Shelly Sharma’s debut anthology comprises nine stories. Many of these tales are about women, the wrongs they are subjected to, and the ways in which they try to right their wrongs. In the author’s words, Equality is a cruel word. Put Adam on one scale and Eve on the other, and you have a story to tell.
The first story is also the titular one-When Devil married God. It is set against the backdrop of mountains and begins with the promise of a love story that develops into a thriller, culminating in an unexpected twist. The pace is intriguing, and the plot keeps the reader on tenterhooks. That way this isn’t your conventional whodunit – it has elements of paranormal, and a family legend that chills and thrills at the same time.
The Queen of Mourning is a very poignant and hard-hitting tale.

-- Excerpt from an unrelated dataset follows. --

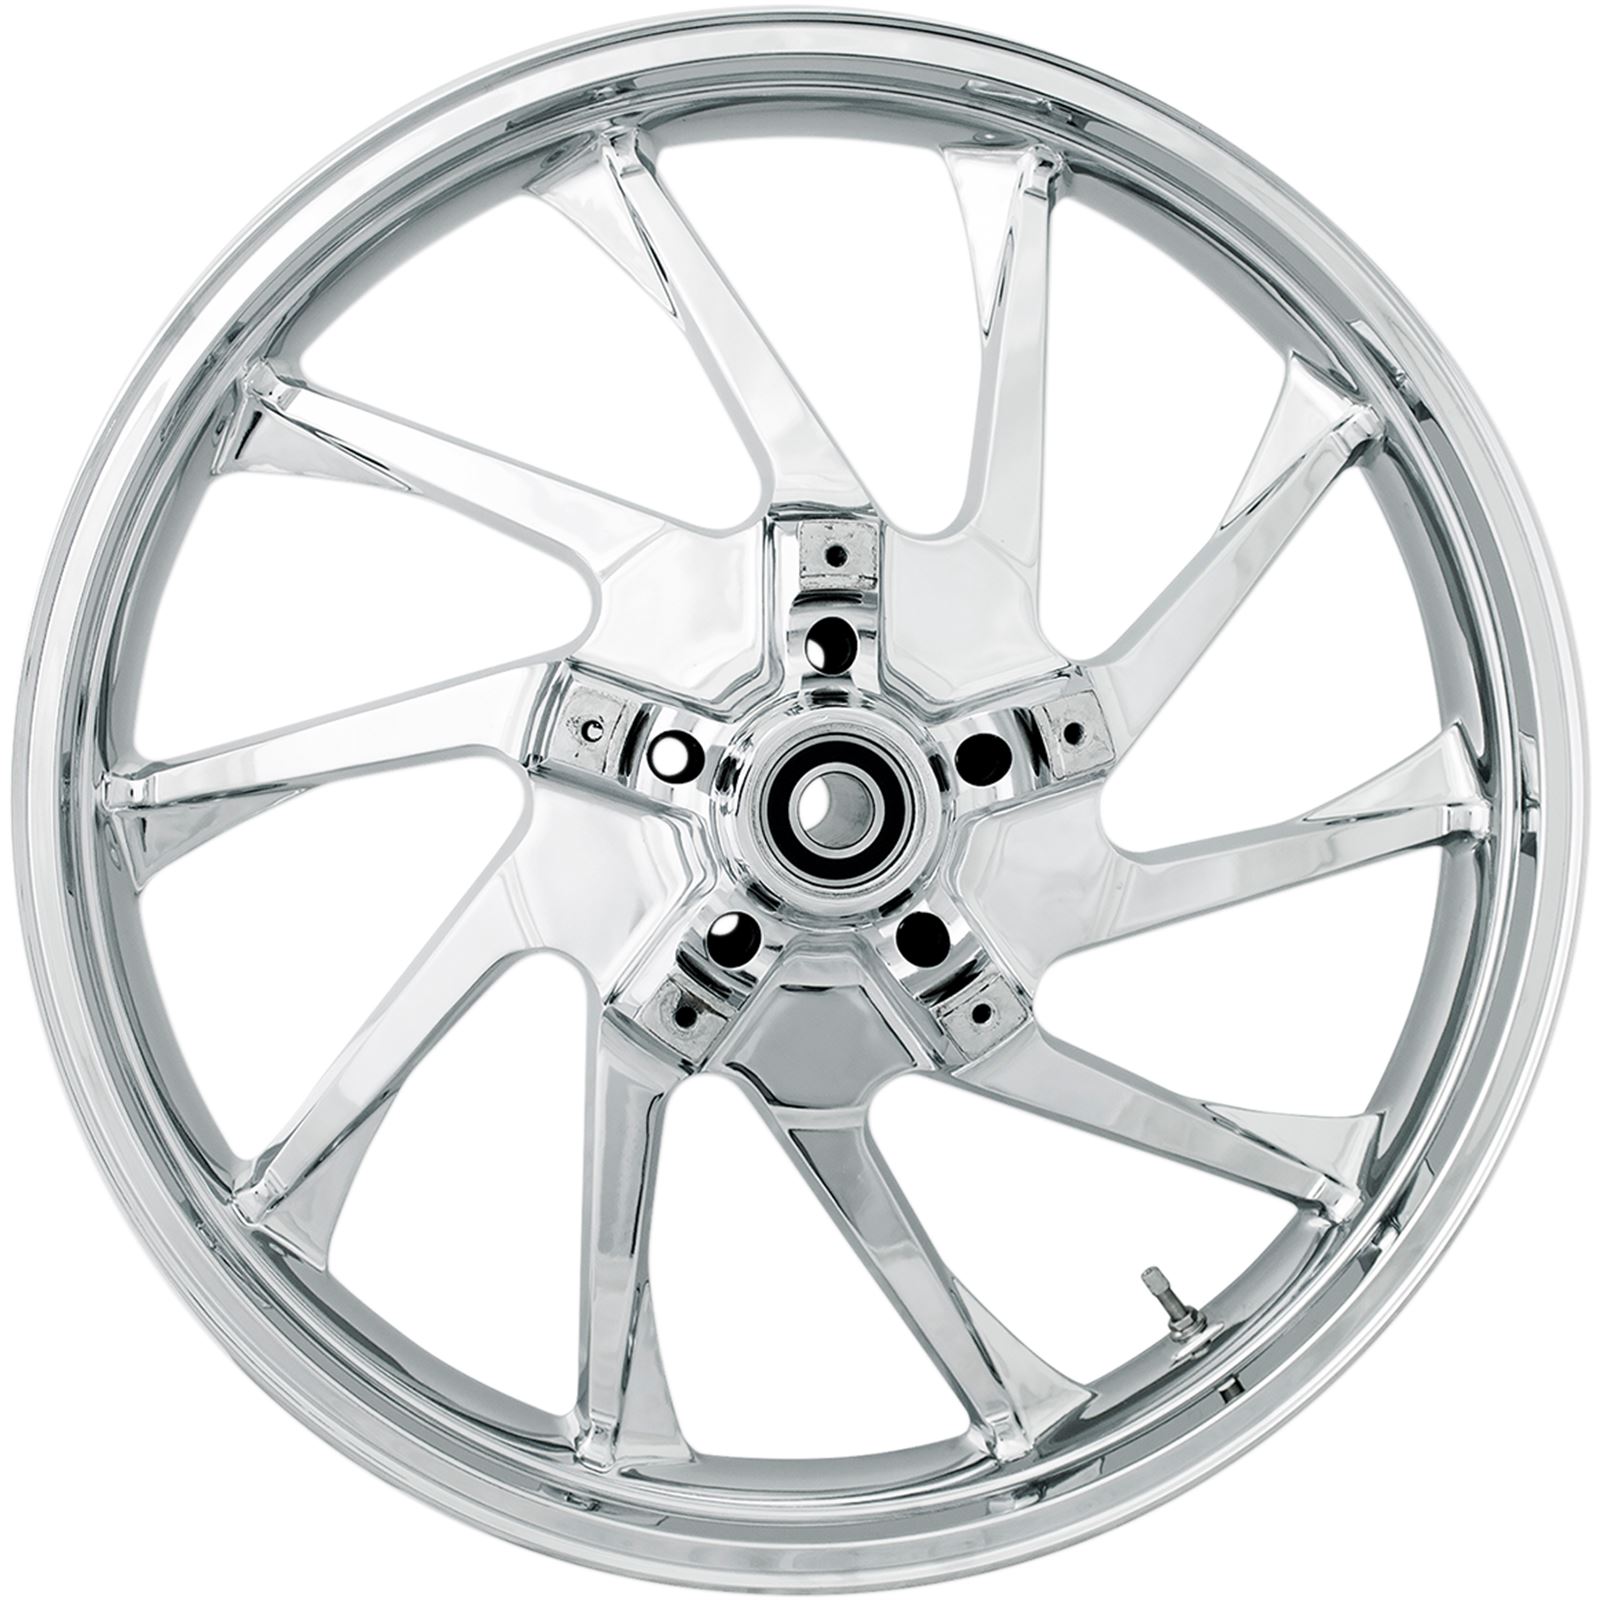 Coastal Moto Front Wheel - Hurricane 3D - Dual Disc/ABS - Chrome - 21"x3.50"

It questions the injustices meted out to a middle-class daughter-in-law till it pushes her over the edge literally and figuratively. What is different about this one? The female protagonist’s voice, which sadly is heard more in her head than aloud. I loved the observations the central character makes. ‘The magic of conditioning runs in the psyche of the female gender.’
The brackets were a trifle distracting, but the statements? One hundred percent true.
The Witch of Mother Lake was gripping and narrated in a raw and rugged fashion. This third story in the anthology tugs at your heartstrings. A dash of supernatural centred around folklore and a tiny village steeped in tradition form the setting for this story. The author highlights the whims and fancies of a man with a roving eye and underlines the consequences borne by his hapless wife. The way the narrative unfolds, never slowing its pace, makes this one unputdownable.
Heartbeat is based on an interesting and unconventional premise. There were some clues initially that gave away the grand reveal but still made for an interesting read. This is one story where the narrator /protagonist is not a woman but a young man, with all the brashness of youth. When realization finally dawns upon him, it is too late.
Legend of the mangrove jungle is centred around the Goddess who rode a tiger, a woman who rose above her circumstances to deliver justice. The author paints a vivid story on this canvas, one that is gory in parts but abounds with retribution and redemption. I found this story metaphorical and rejoiced when the female Goddess figures sought retribution.
Measuring pure love is an intriguing tale that comes with an unexpected twist. In the author’s words, love is a funny thing; its eternity is a default unvoiced agreement between the ones that share it. This story describes love and the accidental bonds it forges, that may have devastating consequences later on.
The Taming is a story that follows an unconventional execution that gives two alternate endings. One which is gory and gruesome, but realistic and aligns with societal expectations. The second possibility is the victory of good over evil, where the protagonist succeeds in her mission, but sadly is still part of a fantasy.
The God that failed is poignant and hard-hitting. This is a harrowing tale of domestic abuse and the impact it has on the hapless children of the house. The author depicts this with much-needed sensitivity as the children struggle to save their mother from their alcoholic father. A tale that gets you thinking and wishing that God didn’t let down these tender hearts.
The Crescent and the Star is a story of a woman coming to terms with her own sexuality and rediscovering herself in the process.
This anthology is high on emotions. The characters and try to deal with the challenges life throws at them in their own ways- be it rebellion, or silent endurance. The stories are realistic and mature and not for the faint-hearted as they hit you hard. The highlights of this book are its pace, its twists, and satirical narrative. It questions stereotypes and makes you uncomfortable. This is the kind of discomfort that ushers in much-needed change.
At the end of the day, it makes you wonder, in any relationship, who is the Devil? Who is God? And is any balance ever possible between the two?